Insight: Short prefixes have high hit rates; long prefixes are less cacheable but also less common.

Interviewer might ask: “What’s your cache eviction strategy?”

LRU with TTL. Popular prefixes stay hot; stale entries expire. We also invalidate cache entries when the underlying trie is updated.

3.3 Data Collection Pipeline

Interview context: “Now let’s discuss how we keep suggestions fresh with new search data.”

The Challenge

Search trends change constantly. “Super Bowl” spikes during game day. We need to:

Collect search queries at scale
Aggregate and count frequencies
Update the trie without downtime

Pipeline Architecture

flowchart LR
    Search["Search<br/>Servers"] --> Kafka["Kafka<br/>Queue"]
    Kafka --> Agg["Aggregator<br/>(Spark/Flink)"]
    Agg --> Builder["Trie<br/>Builder"]
    Builder --> Trie["Trie<br/>Service"]
    Agg --> Store["Query Store<br/>(Cassandra)"]

Aggregation Windows

Window	Purpose	Update Frequency
Real-time (5 min)	Trending topics	Every 5 minutes
Hourly	Recent trends	Every hour
Daily	Stable rankings	Once per day
All-time	Historical baseline	Weekly rebuild

Combining Scores

final_score = (0.3 × all_time_score) +
              (0.3 × daily_score) +
              (0.3 × hourly_score) +
              (0.1 × real_time_score)

This balances stability with responsiveness to trends.

Interviewer might ask: “How do you handle spam or inappropriate suggestions?”

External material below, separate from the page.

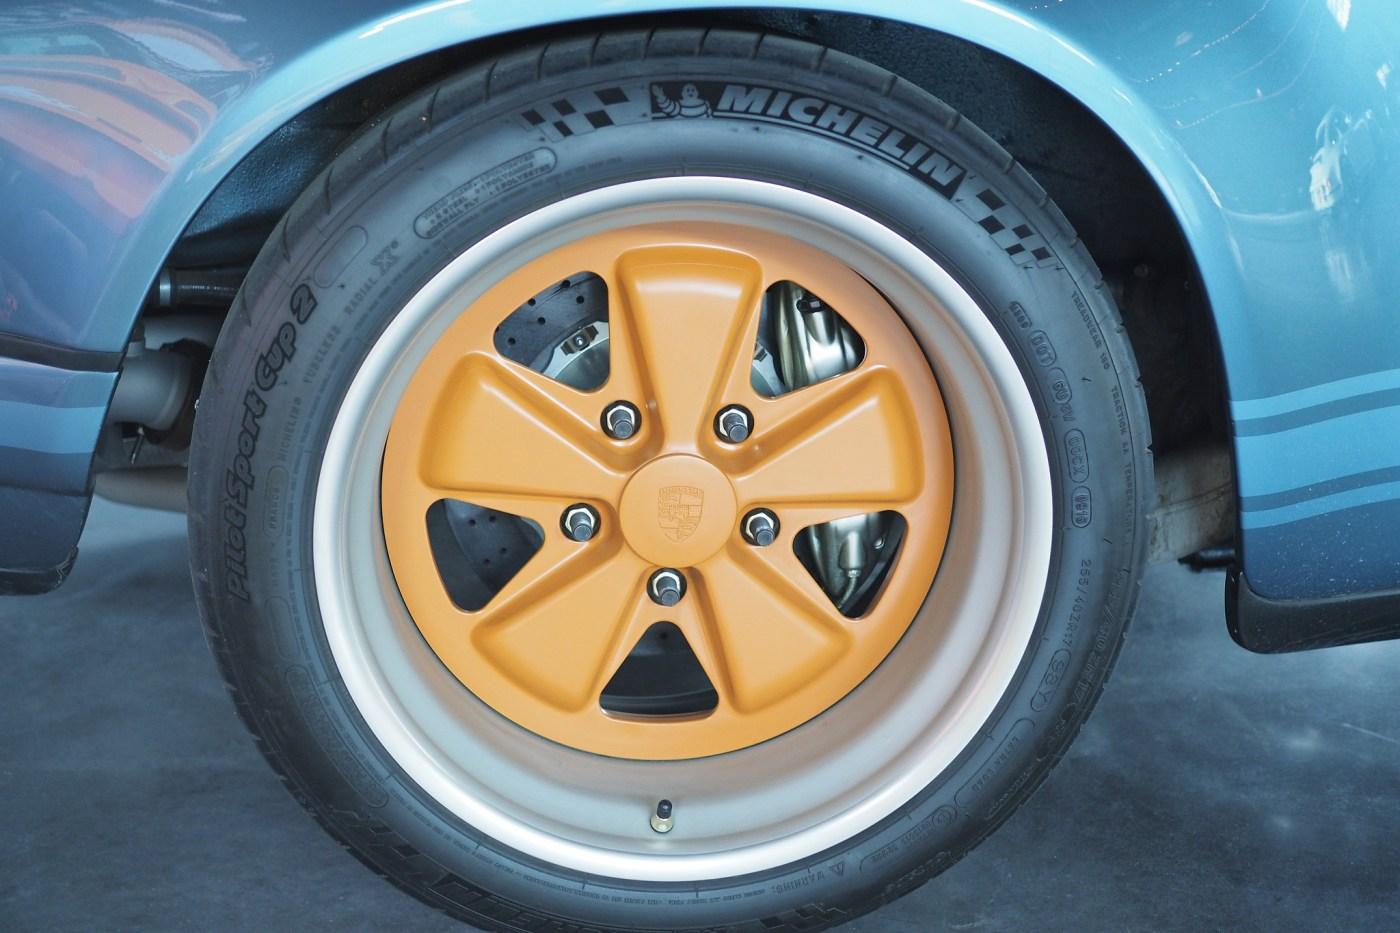 Singer Porsche 911 wheel
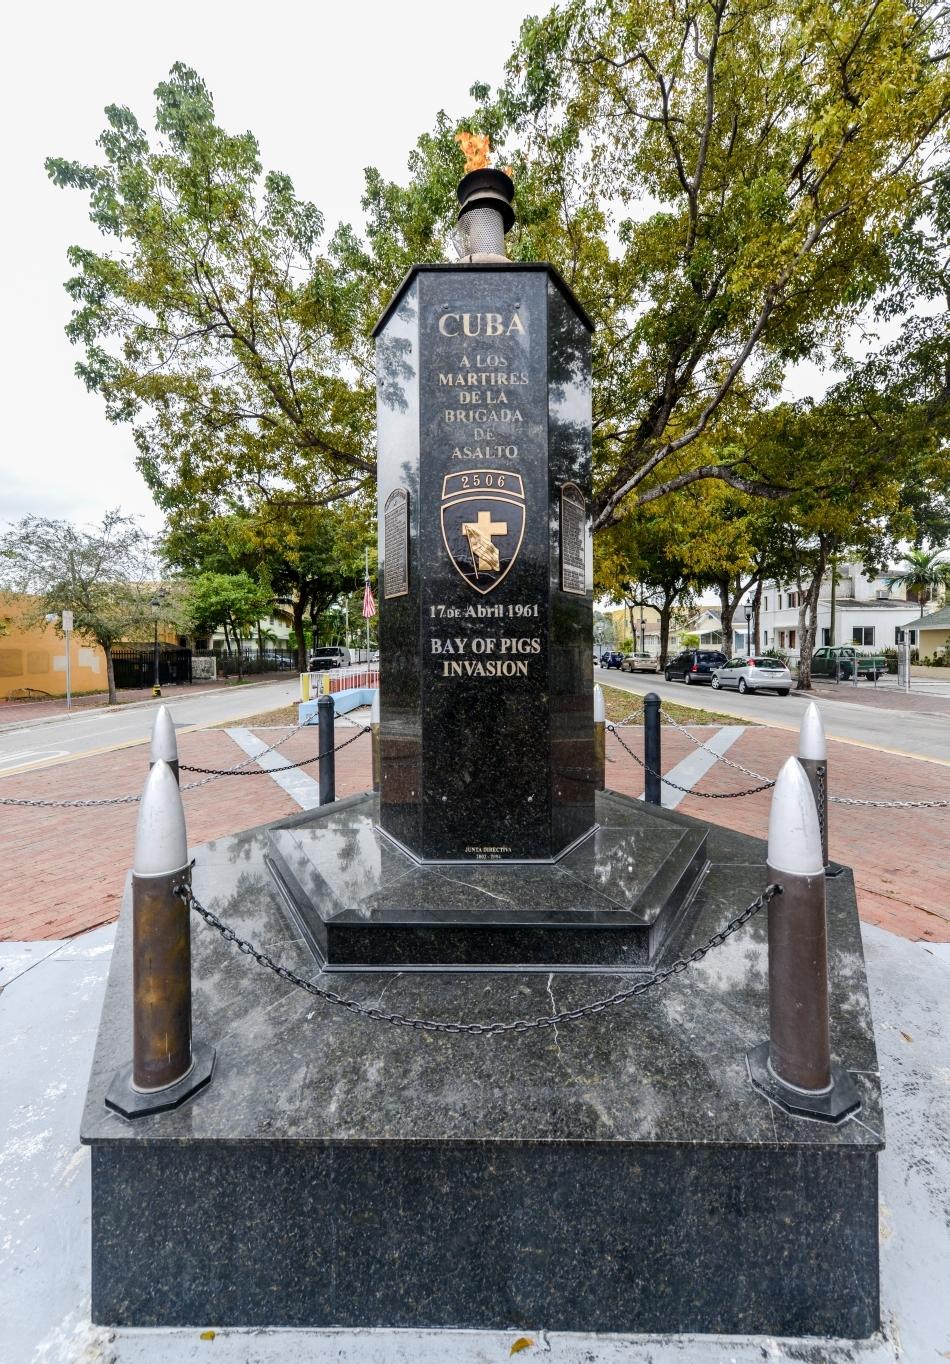 Monumentul din Little Havana, Florida, care comemorează invazia nereuşită a Cubei

Multiple layers: (1) Blocklist of prohibited terms, (2) Minimum frequency threshold to appear, (3) Human review of new high-volume suggestions, (4) User reporting mechanism.

4. Data Structures

Interview context: “Let me go deeper into the trie data structure and optimizations.”

Basic Trie vs Optimized Trie

Aspect	Basic Trie	Optimized Trie
Node storage	Map<char, Node>	Array[26] or compressed
Top-K storage	None (compute on query)	Cached at each node
Path compression	No	Yes (merge single-child paths)
Memory	~100 GB	~20-30 GB

Path Compression (Radix Tree)

Before compression:          After compression:
      h                            h
      │                            │
      o                           "ow t" (compressed)
      │                            │
      w                           [children...]
      │
    (space)
      │
      t

Benefit: Fewer nodes, less memory, faster traversal for long common prefixes.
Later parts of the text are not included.